* [Input data]

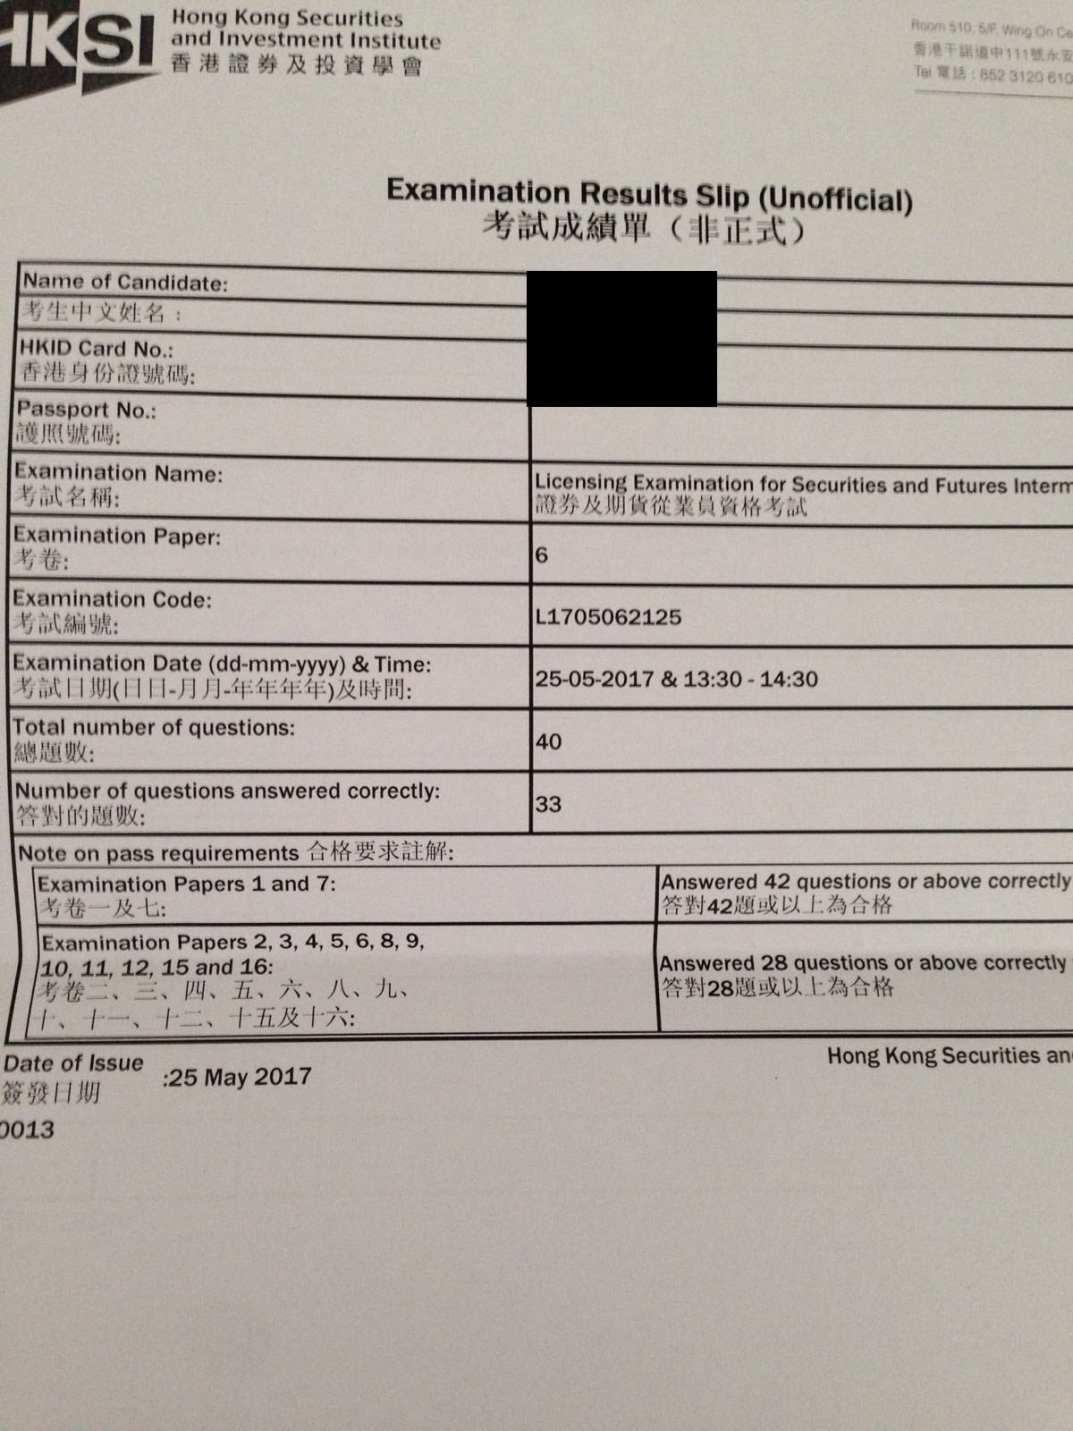 OK 25/5/2017 LE Paper 6 證券期貨從業員資格考試卷六 Pass
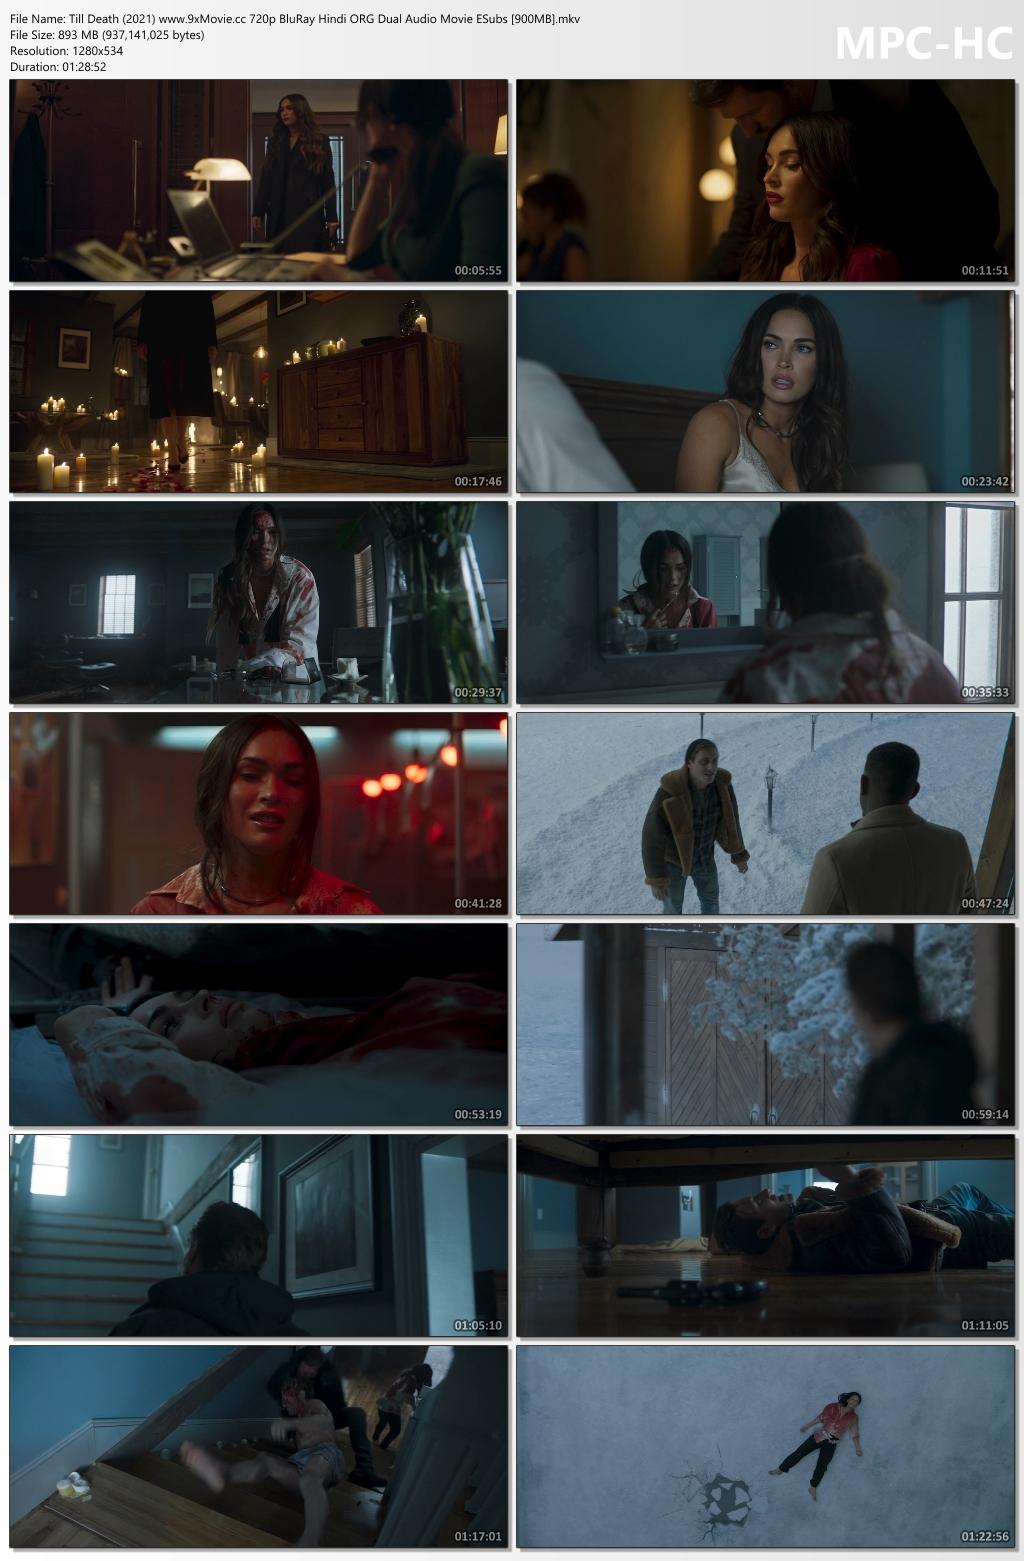 Till-Death-2021-www-9x-Movie-cc-720p-Blu-Ray-Hindi-ORG-Dual-Audio-Movie-ESubs-900-MB-mkv
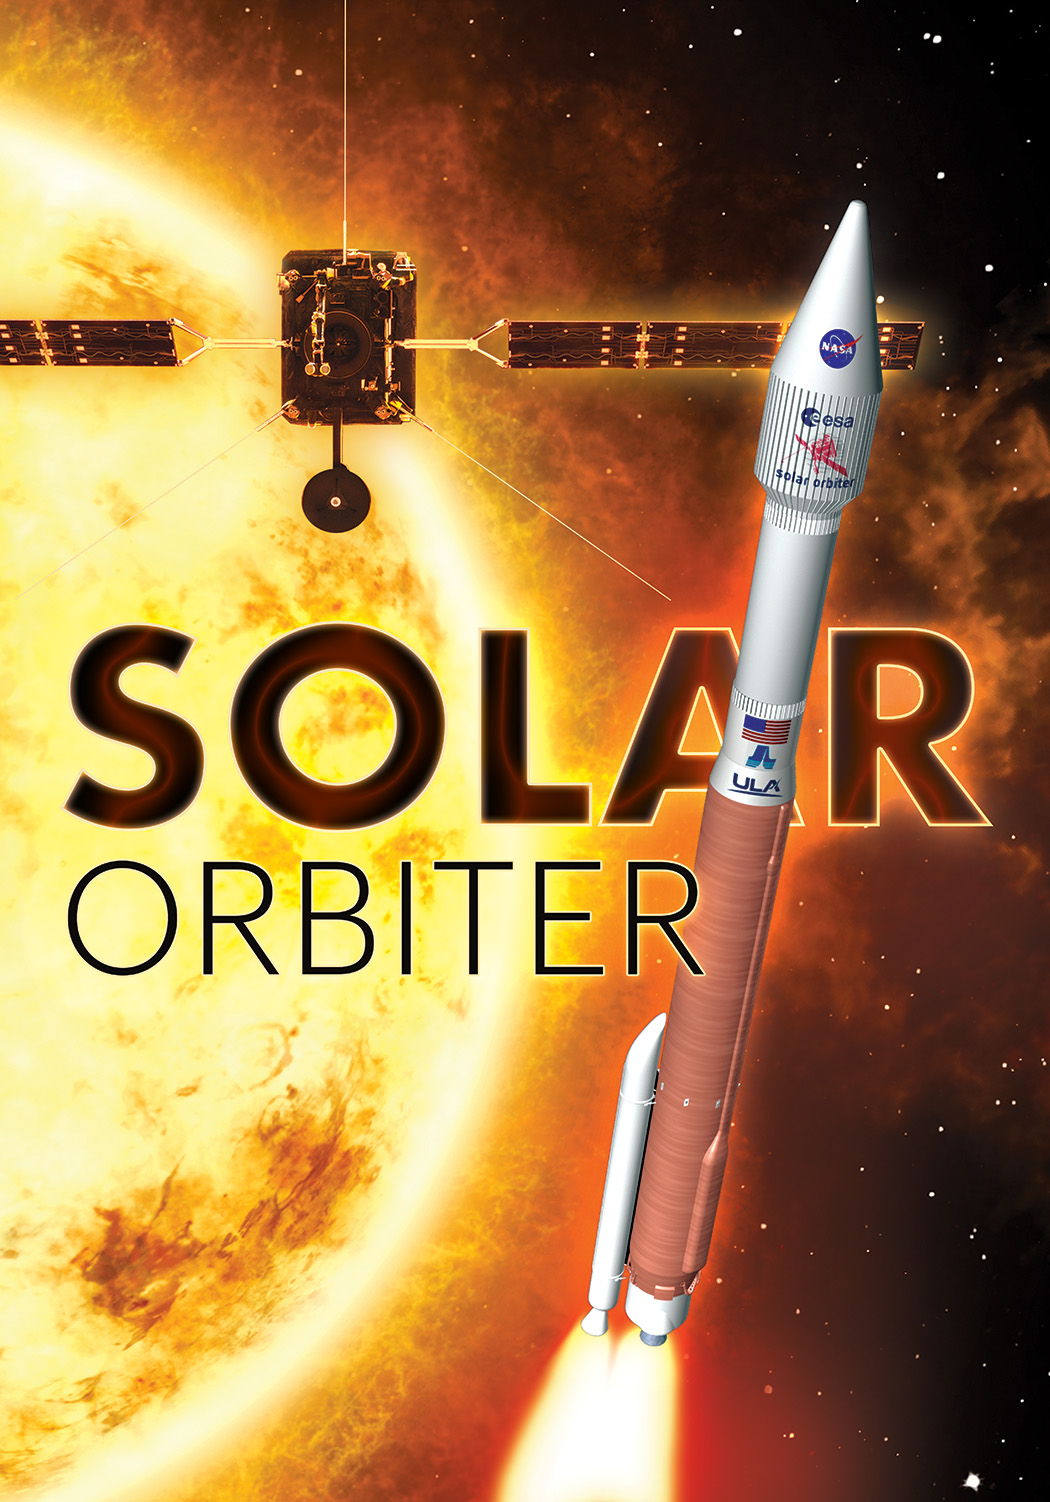 solarorbiter_external_sticker
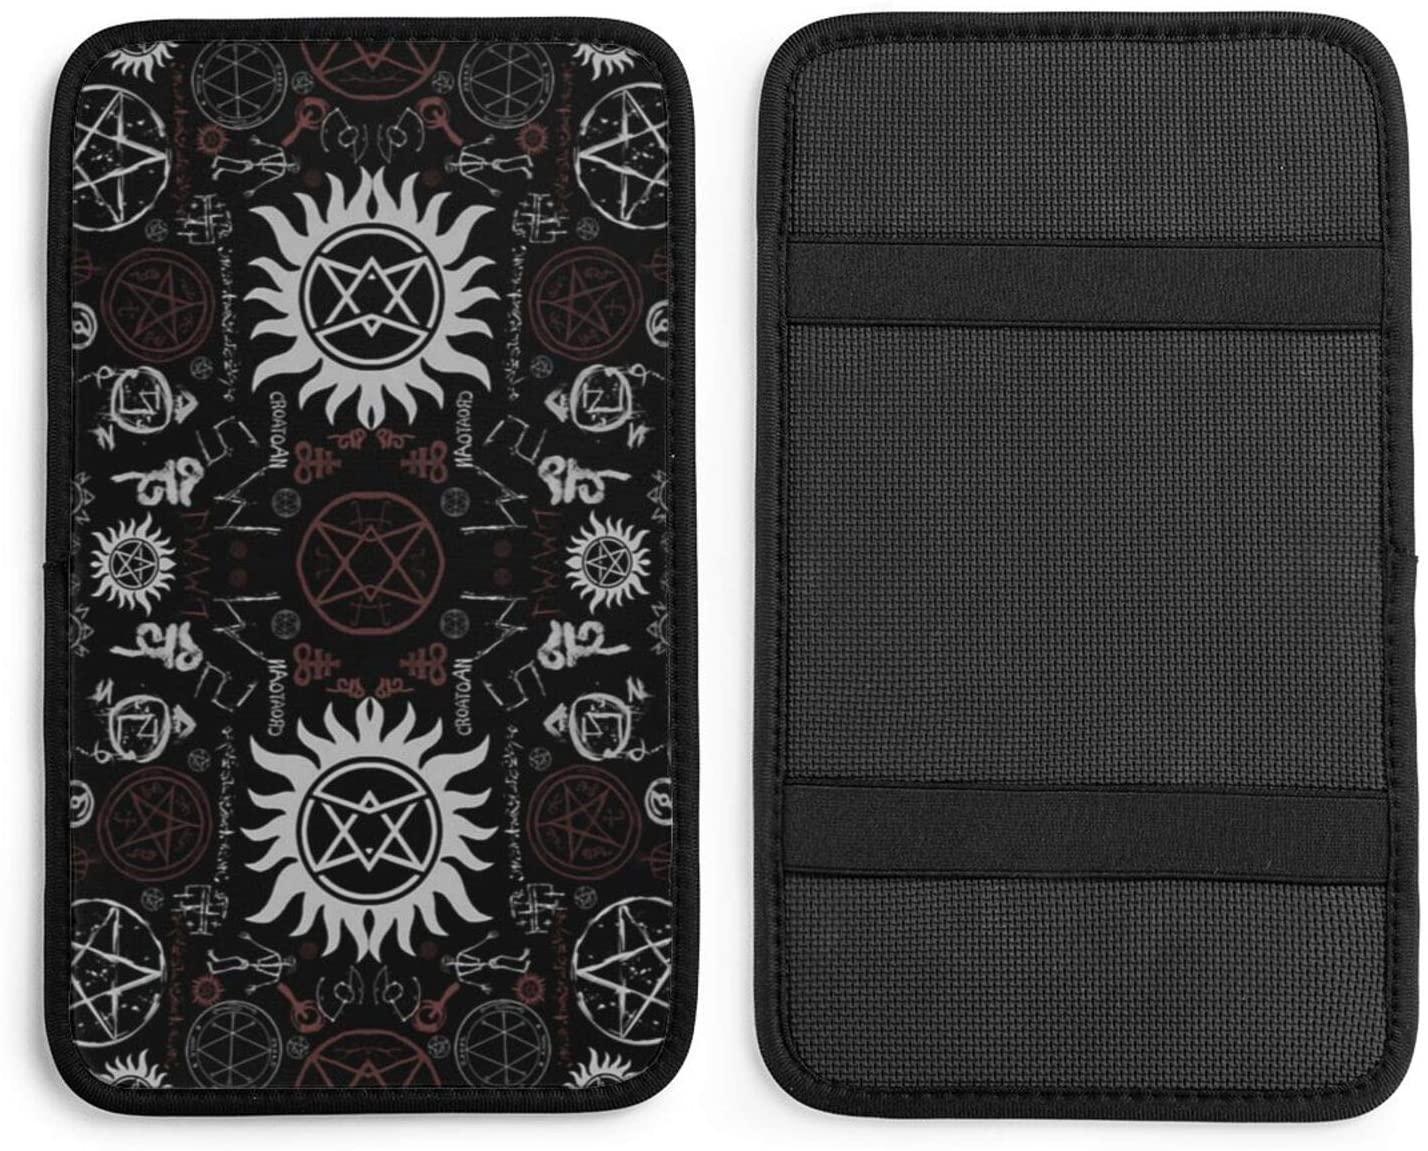 NDZHZEO Supernatural Symbols Black Auto Center Console Pad Car Armrest Seat Box Cover Protector Universal Fit

* [Prompt]
Write out the material above exactly; no pictures.

* [Task response]
 OK 25/5/2017 LE Paper 6 證券期貨從業員資格考試卷六 Pass
 Till-Death-2021-www-9x-Movie-cc-720p-Blu-Ray-Hindi-ORG-Dual-Audio-Movie-ESubs-900-MB-mkv
 solarorbiter_external_sticker
 NDZHZEO Supernatural Symbols Black Auto Center Console Pad Car Armrest Seat Box Cover Protector Universal Fit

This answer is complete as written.